UCS Network Connectivity
Each individual blade gets connectivity to the network(s) via mezzanine form factor I/O card(s.) Depending on which blade type you select each blade will either have one redundant set of connections to the FIs or two redundant sets. Regardless of the type of I/O card you select you will always have 1x10GE connection to each FI through the blade chassis I/O module (IOM.)
UCS Blade Connectivity
In the diagram your seeing the blade connectivity for a blade with a single mezzanine slot. You can see that the blade is redundantly connected to both Fabric A and Fabric B via 2x10GE links. This connection occurs via the IOM which is not a switch itself and instead acts as a remote device managed by the fabric interconnect. What this means is that all forwarding decisions are handled by the FIs and frames are consistently scheduled within the system regardless of source and or destination.
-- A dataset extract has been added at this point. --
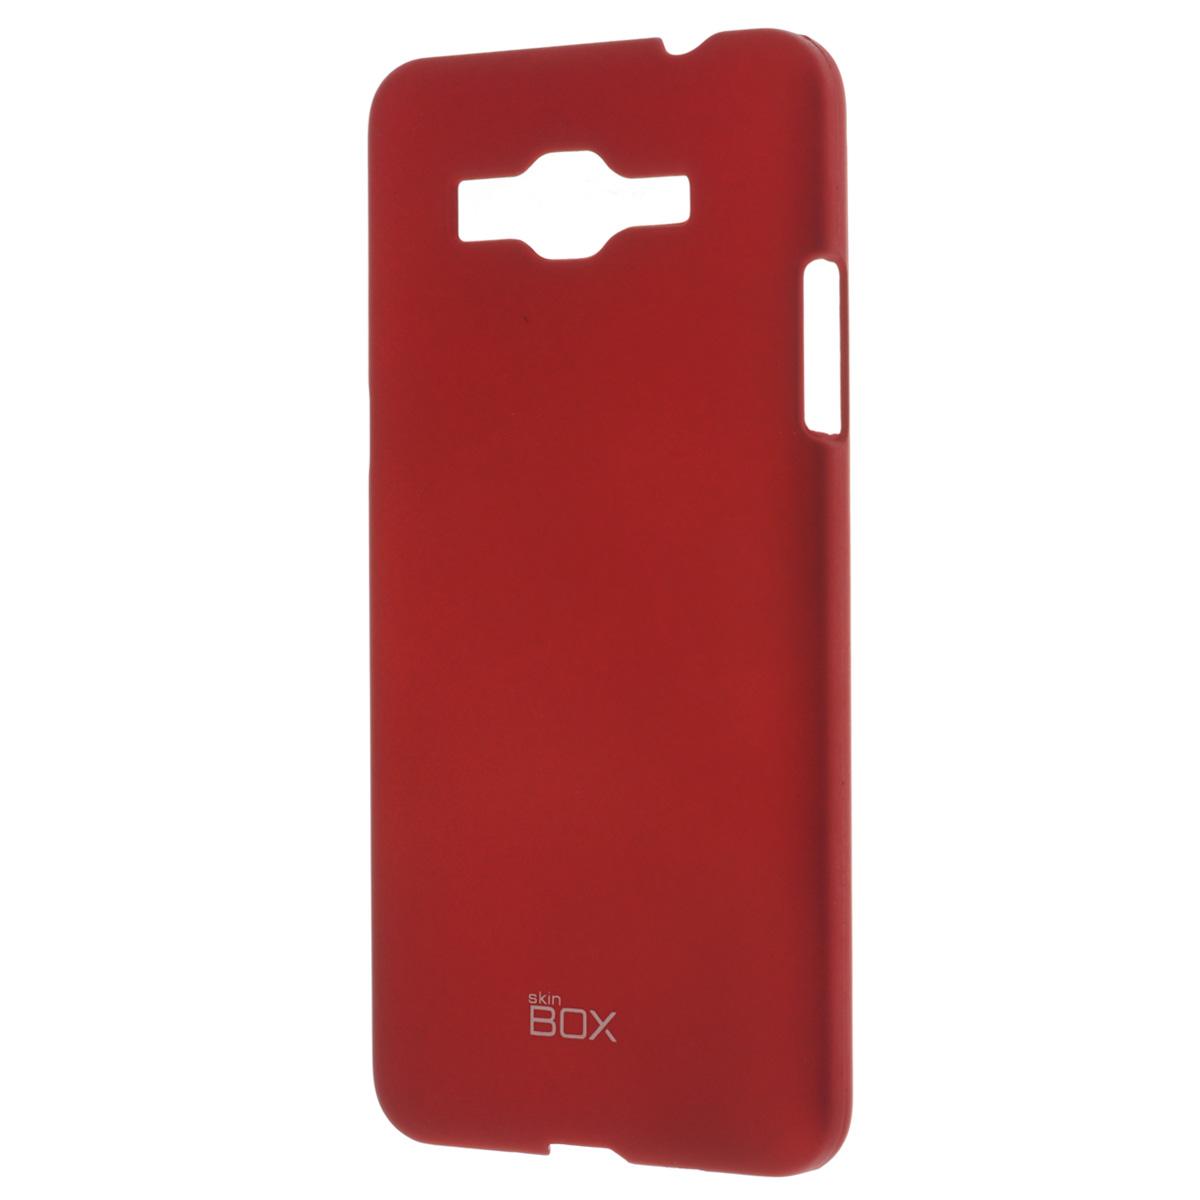 Skinbox Shield 4People чехол для Samsung Galaxy Grand Prime, RedT-S-SG530-002Чехол Skinbox Shield 4People для Samsung Galaxy Grand Prime предназначен для защиты корпуса смартфона от механических повреждений и царапин в процессе эксплуатации. Имеется свободный доступ ко всем разъемам и кнопкам устройства. В комплект также входит защитная пленка на экран телефона.

The total switching latency of the UCS system is approximately equal to a top-of-rack switch or blade form factor LAN switch within other blade products. Because the IOM is not making switching decisions it will need another method to move 8 internal mid-plane ports traffic upstream using it’s 4 available uplinks. the method it uses is static pinning. This method provides a very elegant switching behavior with extremely predictable failover scenarios. Let’s first look at the pinning later what this means for the UCS network failures.
The chart above shows the static pinning mechanism used within UCS. Given the configured number of uplinks from IOM to FI you will know exactly which uplink port a particular mid-plane port is using. Each half-width blade attaches to a single mid-plane port and each full width blade attaches to two. In the diagram the use of three ports does not have a pinning mechanism because this is not supported. If three links are used the 2 port method will define how uplinks are utilized. This is because eight devices cannot be evenly load-balanced across three links.
The example above shows the numbering of mid-plane ports. If you were using half width blades their numbering would match. When using full-width blades each blade has access to a pair of mid-plane ports (1-2, 3-4, 5-6, 7-8.)In the example above blade three would utilize mid-plane port three in the left example and one in the second based on the static pinning in the chart.
So now let’s discuss how failover happens, starting at the operating system. We have two pieces of failover to discuss, NIC teaming, and SAN multi-pathing. In order to understand that we need a simple logical connectivity view of how a UCS blade see’s the world.
UCS Logical Connectivity
In order to simplify your thinking when working with blade systems reduce your logical diagram to the key components, do this by removing the blade chassis itself from the picture. Remember that a blade is nothing more than a server connected to a set of switches, the only difference is that the first hop link is on the mid-plane of the chassis rather than a cable. The diagram above shows that a UCS blade is logically cabled directly to redundant Storage Area Network (SAN) switches for Fibre Channel (FC) and to the FI for Ethernet. Out of personal preference I leave the FIs out of the SAN side of the diagram because they operate in N_Port Virtualizer (NPV) mode which means forwarding decisions are handled by the upstream NPiV standard compliant SAN switch.
Starting at the Operating System (OS) we will work up the network stack to the FIs to discuss failover. We will be assuming FCoE is being used, if you are not using FCoE ignore the FC piece of the discussion as the Ethernet will remain the same.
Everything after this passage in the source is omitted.